The geoid () is the shape that the ocean surface would take under the influence of the gravity of Earth, including gravitational attraction and Earth's rotation, if other influences such as winds and tides were absent. This surface is extended through the continents (such as with very narrow hypothetical canals). According to Gauss, who first described it, it is the "mathematical figure of the Earth", a smooth but irregular surface whose shape results from the uneven distribution of mass within and on the surface of Earth. It can be known only through extensive gravitational measurements and calculations. Despite being an important concept for almost 200 years in the history of geodesy and geophysics, it has been defined to high precision only since advances in satellite geodesy in the late 20th century.

All points on a geoid surface have the same geopotential (the sum of gravitational potential energy and centrifugal potential energy). The force of gravity acts everywhere perpendicular to the geoid, meaning that plumb lines point perpendicular and water levels parallel to the geoid if only gravity and rotational acceleration were at work. 
Earth's gravity acceleration is non-uniform over the geoid, which is only an equipotential surface, a sufficient condition for a ball to remain at rest instead of rolling over the geoid.
The geoid undulation or geoidal height is the height of the geoid relative to a given reference ellipsoid.
The geoid serves as a coordinate surface for various vertical coordinates, such as orthometric heights, geopotential heights, and dynamic heights (see Geodesy#Heights).

Description

The geoid surface is irregular, unlike the reference ellipsoid (which is a mathematical idealized representation of the physical Earth as an ellipsoid), but is considerably smoother than Earth's physical surface. Although the "ground" of the Earth has excursions on the order of +8,800 m (Mount Everest) and −11,000 m (Marianas Trench), the geoid's deviation from an ellipsoid ranges from +85 m (Iceland) to −106 m (southern India), less than 200 m total.

If the ocean were isopycnic (of constant density) and undisturbed by tides, currents or weather, its surface would resemble the geoid. The permanent deviation between the geoid and mean sea level is called ocean surface topography. If the continental land masses were crisscrossed by a series of tunnels or canals, the sea level in those canals would also very nearly coincide with the geoid. In reality, the geoid does not have a physical meaning under the continents, but geodesists are able to derive the heights of continental points above this imaginary, yet physically defined, surface by spirit leveling.
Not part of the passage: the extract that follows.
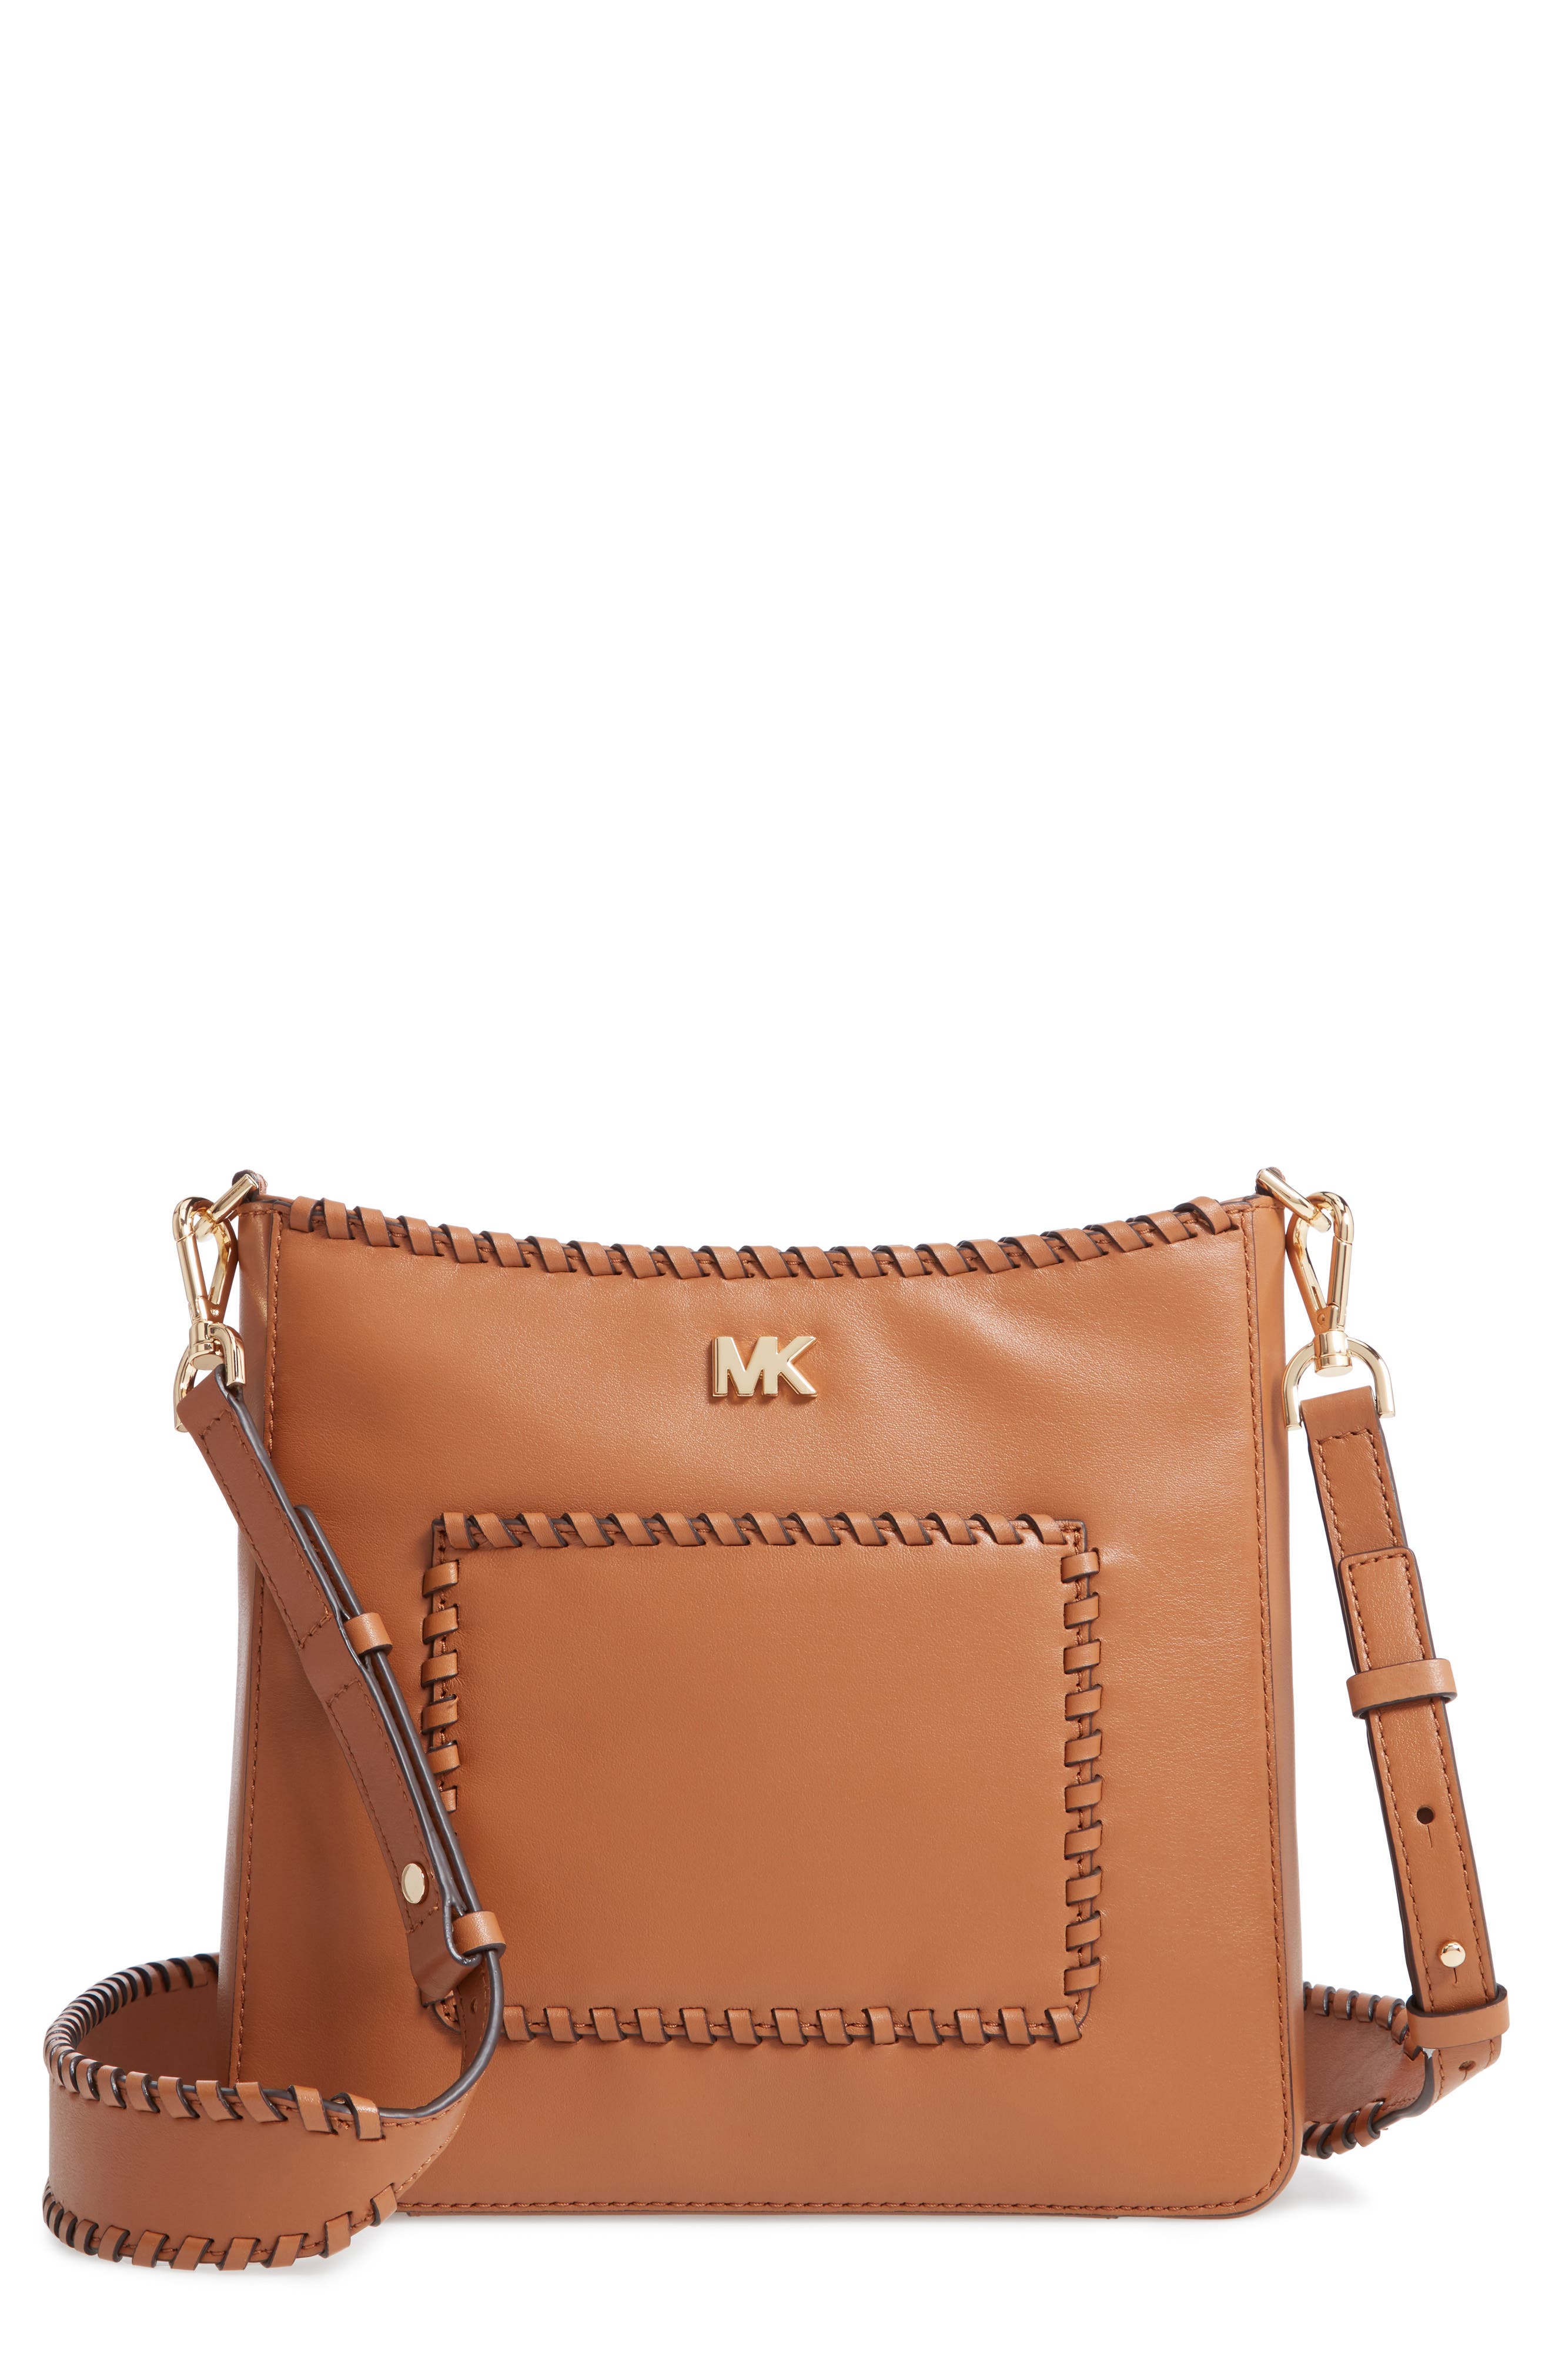 mk gloria bag

Being an equipotential surface, the geoid is, by definition, a surface to which the force of gravity is everywhere perpendicular. That means that when traveling by ship, one does not notice the undulations of the geoid; the local vertical (plumb line) is always perpendicular to the geoid and the local horizon tangential to it. Likewise, spirit levels will always be parallel to the geoid.

Simplified example

The gravitational field of the earth is not uniform. An oblate spheroid is typically used as the idealized earth, but even if the earth were spherical and did not rotate, the strength of gravity would not be the same everywhere because density varies throughout the planet. This is due to magma distributions, the density and weight of different geological compositions in the earth's crust, mountain ranges, deep sea trenches, crust compaction due to glaciers, and so on.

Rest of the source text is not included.